Instructions for the task
Give a verbatim quotation of every record.

Excerpts from a dataset
Content starts

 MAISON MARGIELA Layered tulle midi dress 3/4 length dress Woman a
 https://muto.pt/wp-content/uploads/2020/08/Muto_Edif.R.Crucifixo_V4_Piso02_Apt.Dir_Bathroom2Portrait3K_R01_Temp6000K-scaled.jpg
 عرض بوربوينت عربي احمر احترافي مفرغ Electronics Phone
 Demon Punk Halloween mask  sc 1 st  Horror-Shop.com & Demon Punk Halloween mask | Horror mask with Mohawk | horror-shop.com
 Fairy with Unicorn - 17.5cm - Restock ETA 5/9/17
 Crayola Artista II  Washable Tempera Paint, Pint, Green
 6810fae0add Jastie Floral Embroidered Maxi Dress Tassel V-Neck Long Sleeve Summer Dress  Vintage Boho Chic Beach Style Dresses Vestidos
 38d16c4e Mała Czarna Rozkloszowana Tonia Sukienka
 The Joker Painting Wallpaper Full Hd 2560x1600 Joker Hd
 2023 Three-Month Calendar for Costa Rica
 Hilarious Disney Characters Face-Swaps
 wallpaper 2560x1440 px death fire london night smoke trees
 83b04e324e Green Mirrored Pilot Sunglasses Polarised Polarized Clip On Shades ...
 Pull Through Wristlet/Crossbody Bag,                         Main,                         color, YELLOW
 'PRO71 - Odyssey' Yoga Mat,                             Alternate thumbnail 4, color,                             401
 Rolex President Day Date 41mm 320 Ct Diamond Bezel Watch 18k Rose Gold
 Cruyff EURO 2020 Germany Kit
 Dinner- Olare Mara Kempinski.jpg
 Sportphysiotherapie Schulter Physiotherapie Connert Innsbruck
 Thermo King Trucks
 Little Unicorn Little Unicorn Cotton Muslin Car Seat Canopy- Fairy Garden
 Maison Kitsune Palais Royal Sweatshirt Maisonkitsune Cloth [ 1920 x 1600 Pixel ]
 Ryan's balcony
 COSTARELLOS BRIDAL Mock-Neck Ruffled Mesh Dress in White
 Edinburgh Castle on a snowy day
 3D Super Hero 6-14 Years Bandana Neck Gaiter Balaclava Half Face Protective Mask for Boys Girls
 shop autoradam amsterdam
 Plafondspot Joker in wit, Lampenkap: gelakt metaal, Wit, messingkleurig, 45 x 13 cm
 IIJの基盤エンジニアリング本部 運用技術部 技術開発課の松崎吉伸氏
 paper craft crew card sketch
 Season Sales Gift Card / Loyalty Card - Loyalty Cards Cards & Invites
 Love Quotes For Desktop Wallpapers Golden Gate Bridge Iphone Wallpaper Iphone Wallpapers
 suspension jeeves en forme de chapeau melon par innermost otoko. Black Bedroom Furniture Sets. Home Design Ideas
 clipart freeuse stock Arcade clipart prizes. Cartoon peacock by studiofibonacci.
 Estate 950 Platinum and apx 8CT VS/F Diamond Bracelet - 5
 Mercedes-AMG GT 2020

Content ends

Problem solution
 MAISON MARGIELA Layered tulle midi dress 3/4 length dress Woman a
 https://muto.pt/wp-content/uploads/2020/08/Muto_Edif.R.Crucifixo_V4_Piso02_Apt.Dir_Bathroom2Portrait3K_R01_Temp6000K-scaled.jpg
 عرض بوربوينت عربي احمر احترافي مفرغ Electronics Phone
 Demon Punk Halloween mask  sc 1 st  Horror-Shop.com & Demon Punk Halloween mask | Horror mask with Mohawk | horror-shop.com
 Fairy with Unicorn - 17.5cm - Restock ETA 5/9/17
 Crayola Artista II  Washable Tempera Paint, Pint, Green
 6810fae0add Jastie Floral Embroidered Maxi Dress Tassel V-Neck Long Sleeve Summer Dress  Vintage Boho Chic Beach Style Dresses Vestidos
 38d16c4e Mała Czarna Rozkloszowana Tonia Sukienka
 The Joker Painting Wallpaper Full Hd 2560x1600 Joker Hd
 2023 Three-Month Calendar for Costa Rica
 Hilarious Disney Characters Face-Swaps
 wallpaper 2560x1440 px death fire london night smoke trees
 83b04e324e Green Mirrored Pilot Sunglasses Polarised Polarized Clip On Shades ...
 Pull Through Wristlet/Crossbody Bag,                         Main,                         color, YELLOW
 'PRO71 - Odyssey' Yoga Mat,                             Alternate thumbnail 4, color,                             401
 Rolex President Day Date 41mm 320 Ct Diamond Bezel Watch 18k Rose Gold
 Cruyff EURO 2020 Germany Kit
 Dinner- Olare Mara Kempinski.jpg
 Sportphysiotherapie Schulter Physiotherapie Connert Innsbruck
 Thermo King Trucks
 Little Unicorn Little Unicorn Cotton Muslin Car Seat Canopy- Fairy Garden
 Maison Kitsune Palais Royal Sweatshirt Maisonkitsune Cloth [ 1920 x 1600 Pixel ]
 Ryan's balcony
 COSTARELLOS BRIDAL Mock-Neck Ruffled Mesh Dress in White
 Edinburgh Castle on a snowy day
 3D Super Hero 6-14 Years Bandana Neck Gaiter Balaclava Half Face Protective Mask for Boys Girls
 shop autoradam amsterdam
 Plafondspot Joker in wit, Lampenkap: gelakt metaal, Wit, messingkleurig, 45 x 13 cm
 IIJの基盤エンジニアリング本部 運用技術部 技術開発課の松崎吉伸氏
 paper craft crew card sketch
 Season Sales Gift Card / Loyalty Card - Loyalty Cards Cards & Invites
 Love Quotes For Desktop Wallpapers Golden Gate Bridge Iphone Wallpaper Iphone Wallpapers
 suspension jeeves en forme de chapeau melon par innermost otoko. Black Bedroom Furniture Sets. Home Design Ideas
 clipart freeuse stock Arcade clipart prizes. Cartoon peacock by studiofibonacci.
 Estate 950 Platinum and apx 8CT VS/F Diamond Bracelet - 5
 Mercedes-AMG GT 2020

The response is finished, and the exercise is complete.